Le président du conseil européen, Berlin et Londres ont été les premiers à dénoncer les "atrocités" et même les "crimes de guerre" commis notamment à Boutcha, où l'AFP avait vu des cadavres dans une rue samedi et où près de 300 personnes ont été enterrées dans des fosses communes, selon les autorités ukrainiennes.
"Nous avons trouvé des fosses communes. Nous avons trouvé des gens avec les mains et les jambes ligotées (...) et avec des coups de feu, des impacts de balles, à l'arrière de la tête", a décrit pour la BBC le porte-parole du président ukrainien, Serguiï Nikiforovil, affirmant qu'il s'agissait "clairement de civils".
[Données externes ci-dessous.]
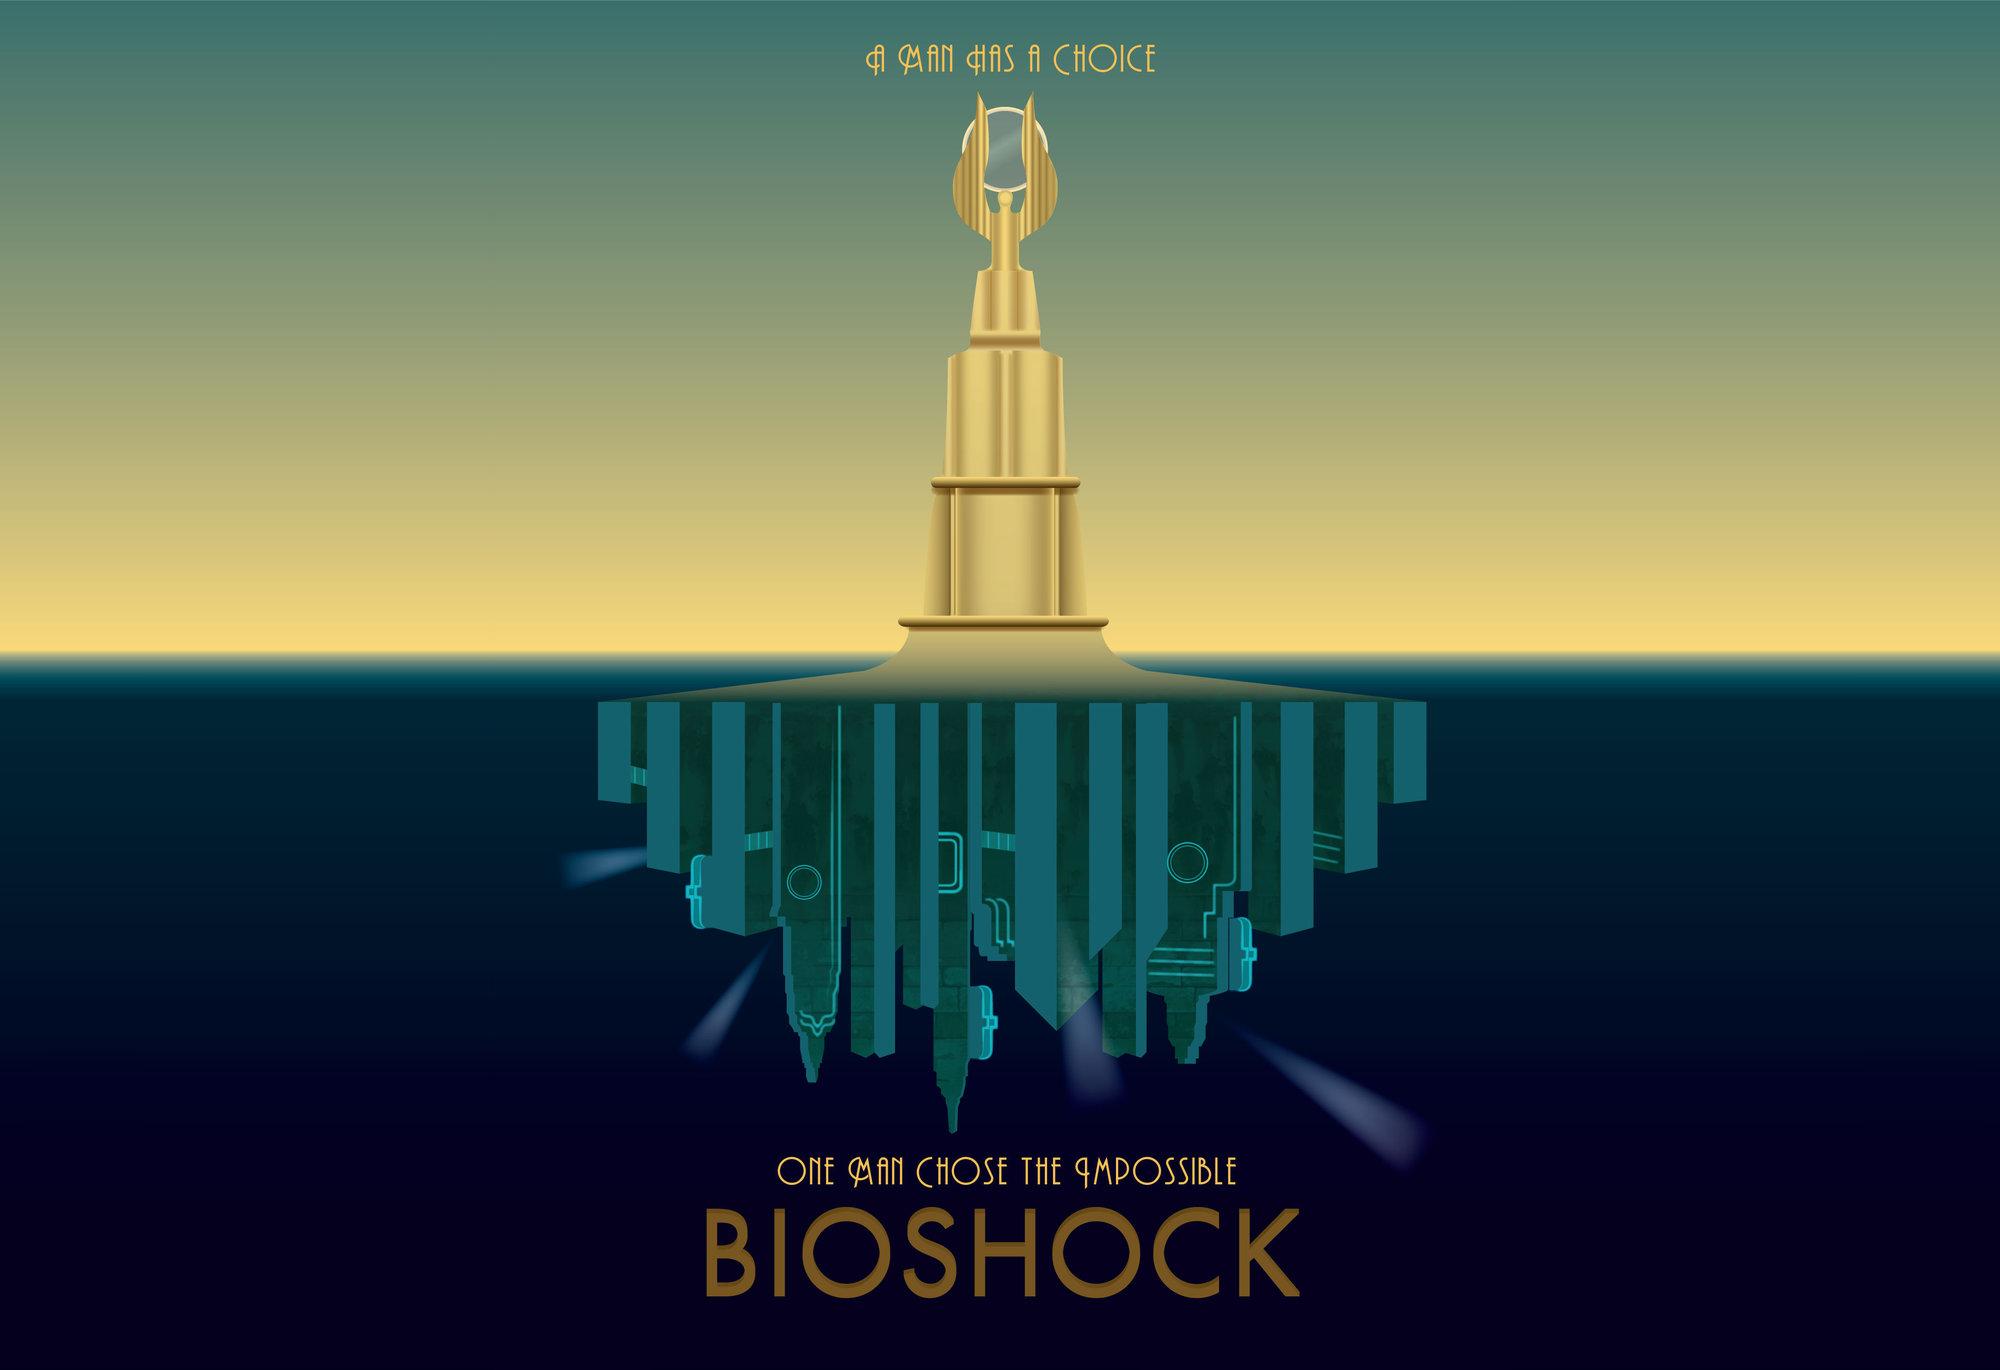 Bioshock Infinite Iphone Wallpaper Hd Hd Background Wallpaper 16 Hd Wallpapers Bioshock Bioshock Infinite Bioshock Art

"Le massacre de Boutcha était délibéré. Les Russes veulent éliminer autant d'Ukrainiens qu'ils le peuvent. Nous devons les arrêter et les mettre dehors. J'exige de nouvelles sanctions dévastatrices du G7 MAINTENANT", a écrit sur Twitter le ministre ukrainien des Affaires étrangères Dmytro Kouleba, qui a réclamé un embargo total sur l'énergie, la fermeture des ports à tout bateau ou marchandise russe et la déconnection de toutes les banques russes de la plateforme financière internationale.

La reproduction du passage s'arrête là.